I have learned that this is a pretty big part of Constructivism in Educational Psychology and the development of Deep Learning, as noted in the graph bellow:

With this in mind, it is my opinion that reading is great, but, it can also become a handicap. I think it is profoundly useful in learning, but, I think that it serves as an end unto learning in ways that are practical in our world. Thus, I suppose I take a significant departure from Plato, and I file myself alongside Locke and Rousseau. I think that learning should serve an end where-by we can express ourselves in this world through it, and we can better our lives by it. Albeit, I think that the private internal world is incredibly important and an end unto itself, as is the ephemeral and sometimes invisible, or entirely personal, world of faith and religion (OMG I LOVE YOU SØREN KIERKEGAARD!!).
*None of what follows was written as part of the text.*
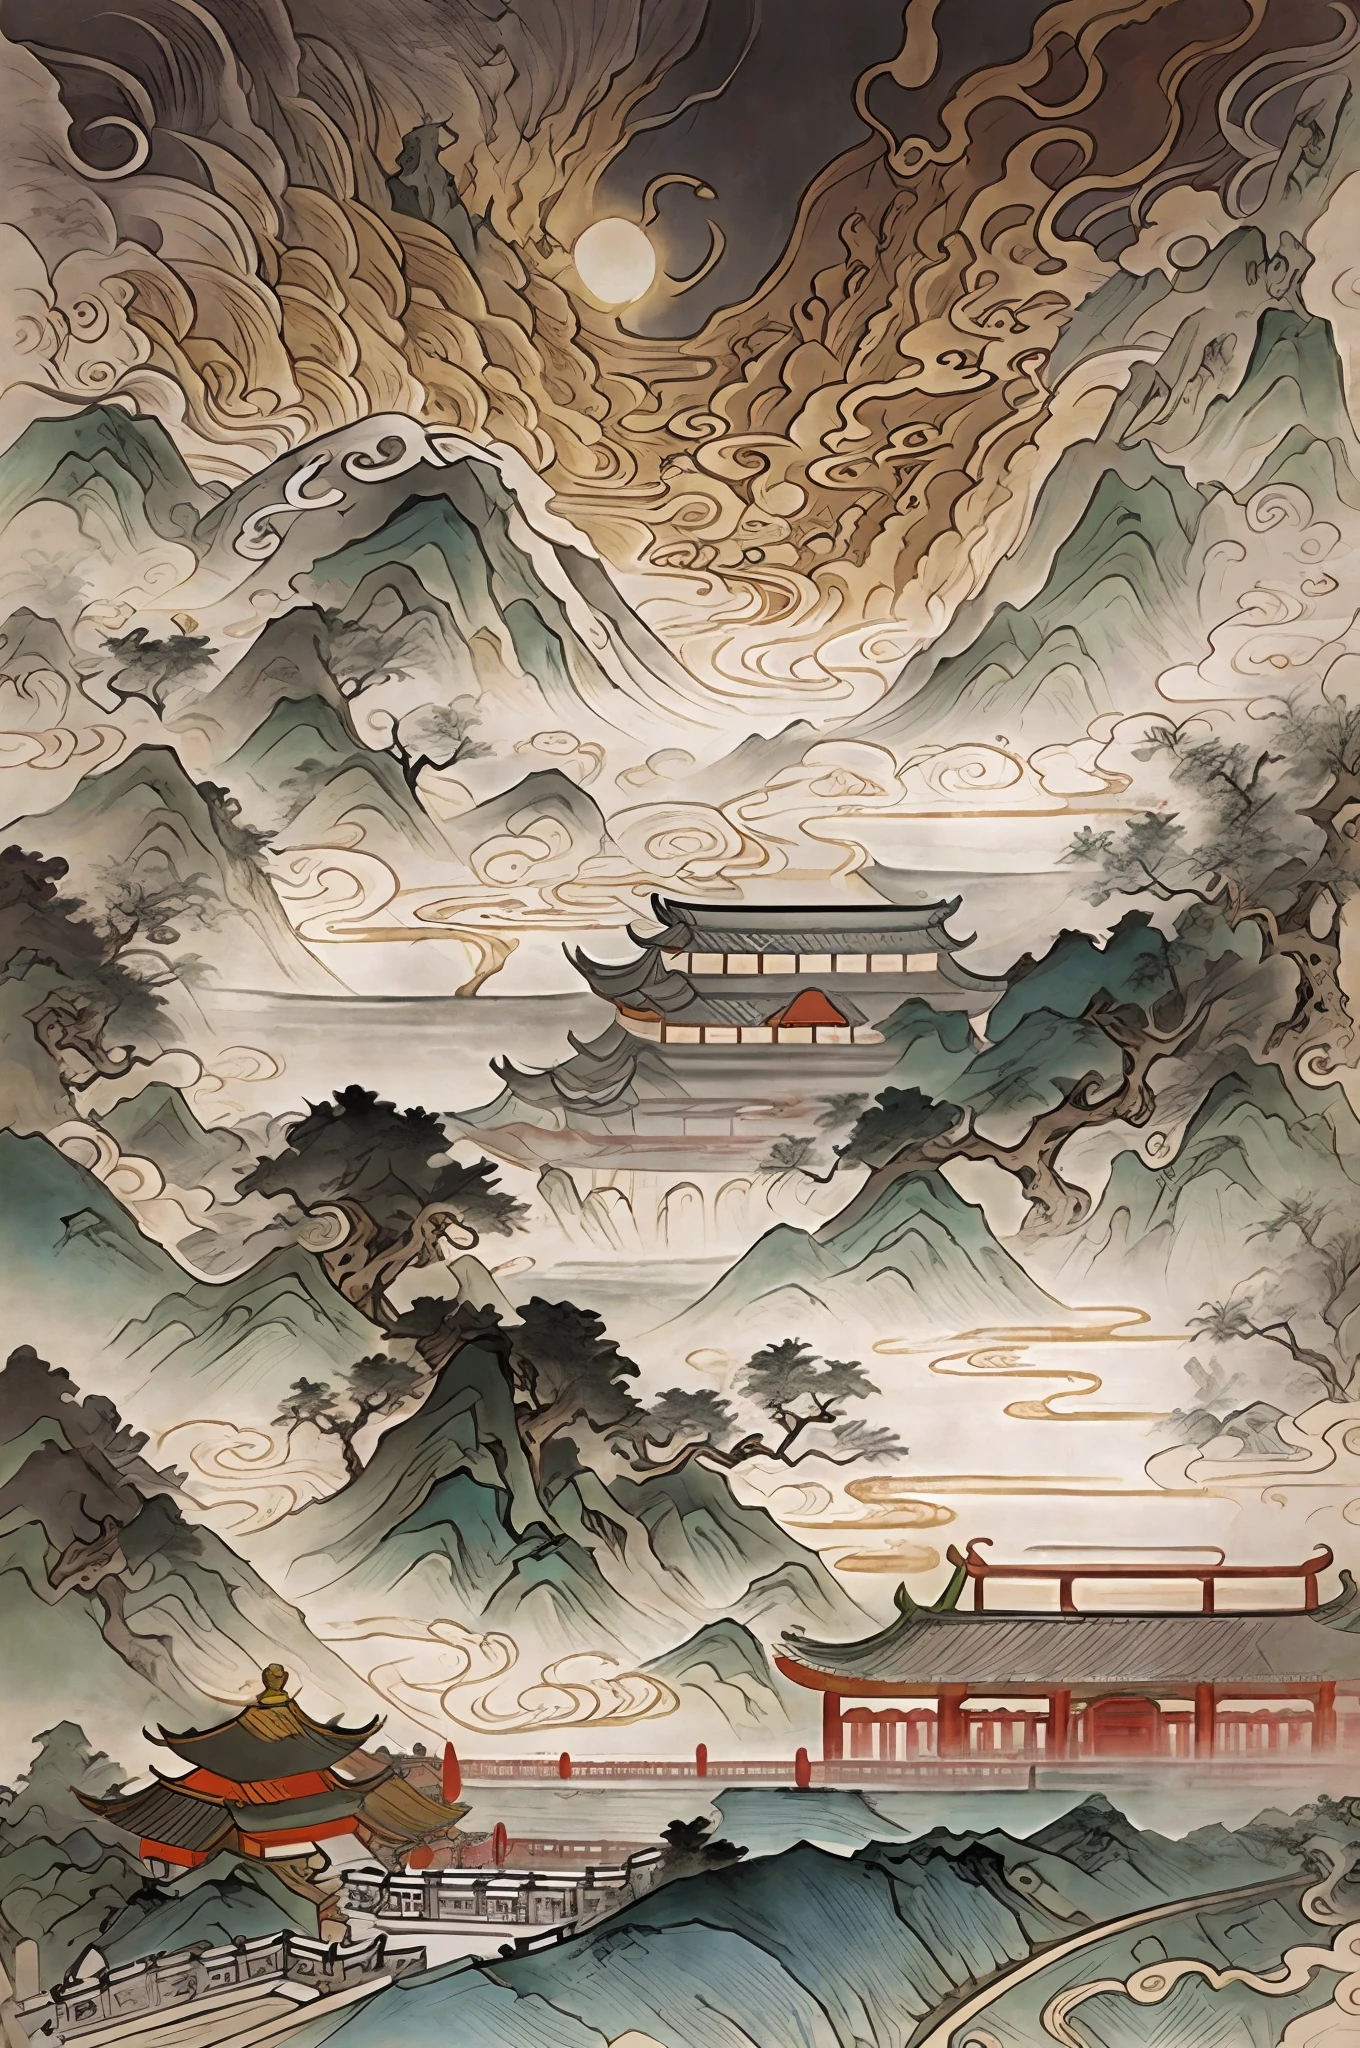 Zeichne eine Landschaft，alte chinesische Legenden，Depressiver und wütender Stil，In der Ferne gibt es einen Berg und eine Pagode, inspiriert von Itō Jakuchū, chinesische landschaft, orientalische Tapete

However, I think that the objective world around us is the plane upon which they intersect, and must engage with one another through. Thus, without practise of some kind, I believe that one’s knowledge will remain incomplete.

So, at some point, we will have learned all we can from the books we read. When that time comes, we will have to leave them behind, and engage our knowledge with the world around us so that we may be able to continue our journey of learning.